▸ **Your objective**
The material below should be copied line for line, please, with pictures omitted.

▸ **Data shown**

↓

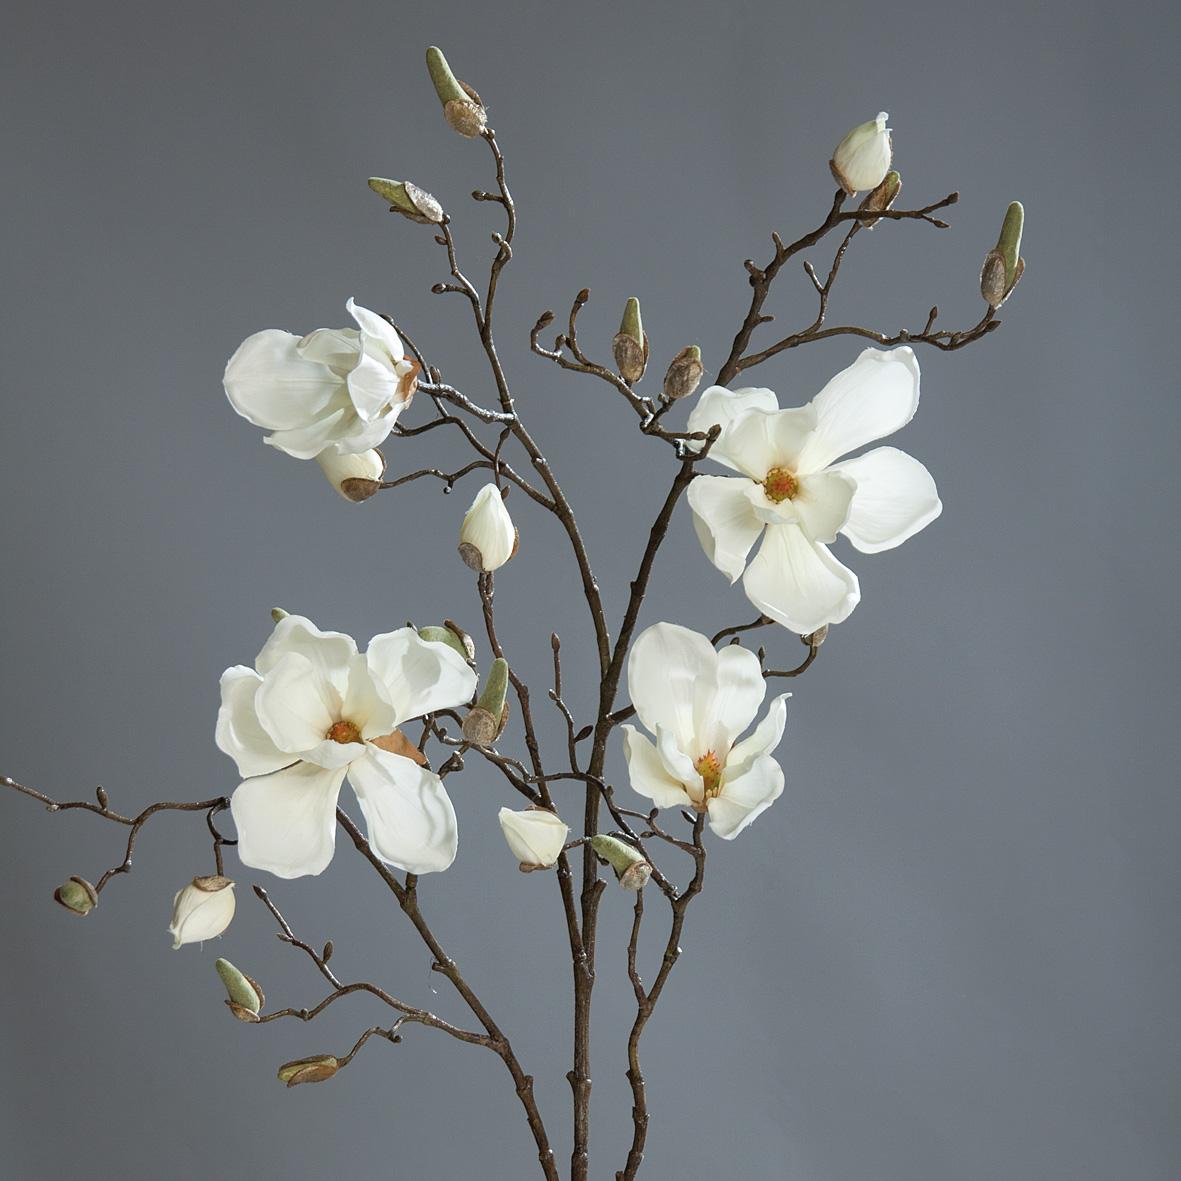 magnolienzweig 110cm wei creme dp kunstblumen k nstliche magnolie blumen seidenblumen. Black Bedroom Furniture Sets. Home Design Ideas
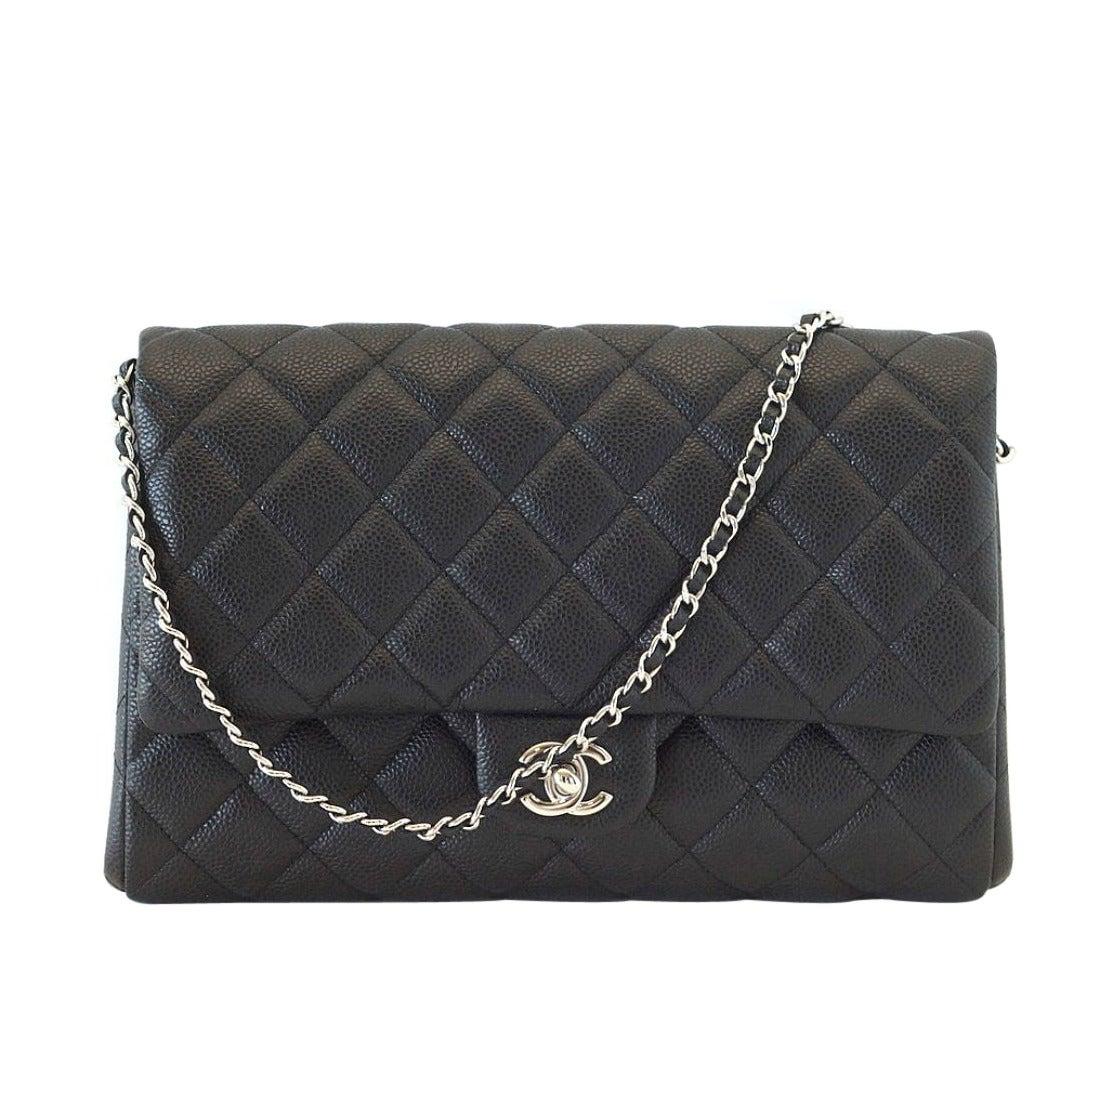 CHANEL Bag Flat Flap Black Caviar Clutch / Shoulder new 1
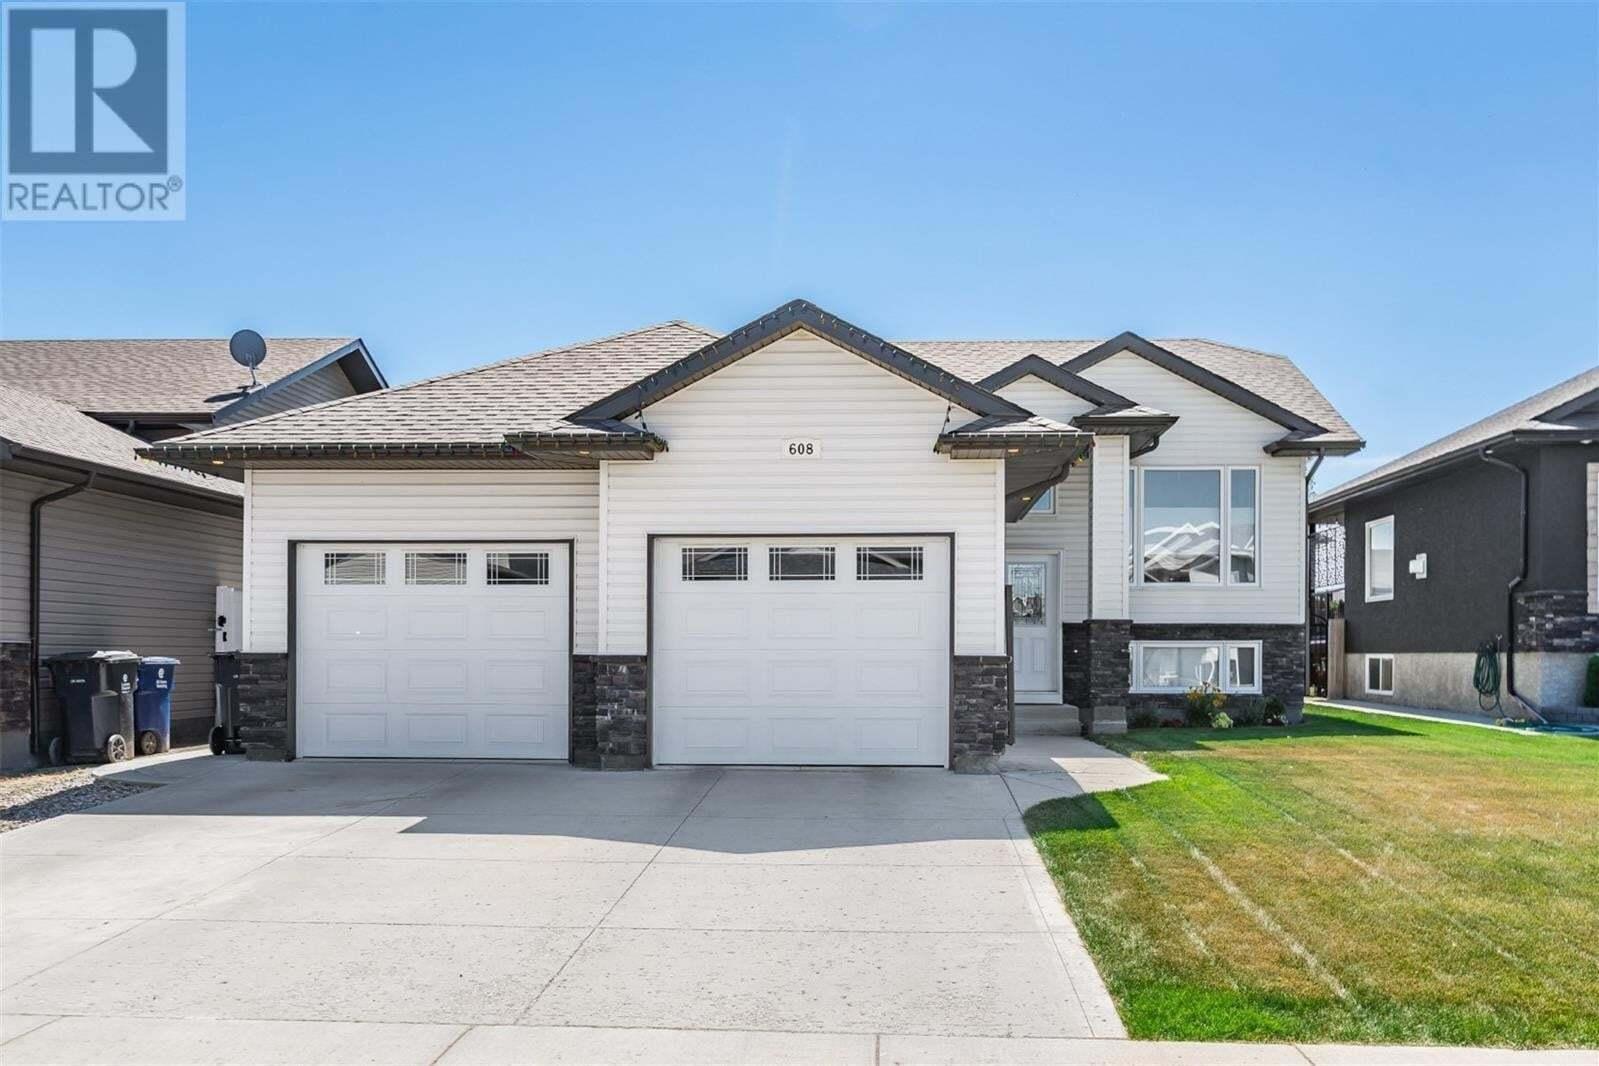 House for sale at 608 Reimer Rd Martensville Saskatchewan - MLS: SK820975

↑

▸ **Task result**
 magnolienzweig 110cm wei creme dp kunstblumen k nstliche magnolie blumen seidenblumen. Black Bedroom Furniture Sets. Home Design Ideas
 CHANEL Bag Flat Flap Black Caviar Clutch / Shoulder new 1
 House for sale at 608 Reimer Rd Martensville Saskatchewan - MLS: SK820975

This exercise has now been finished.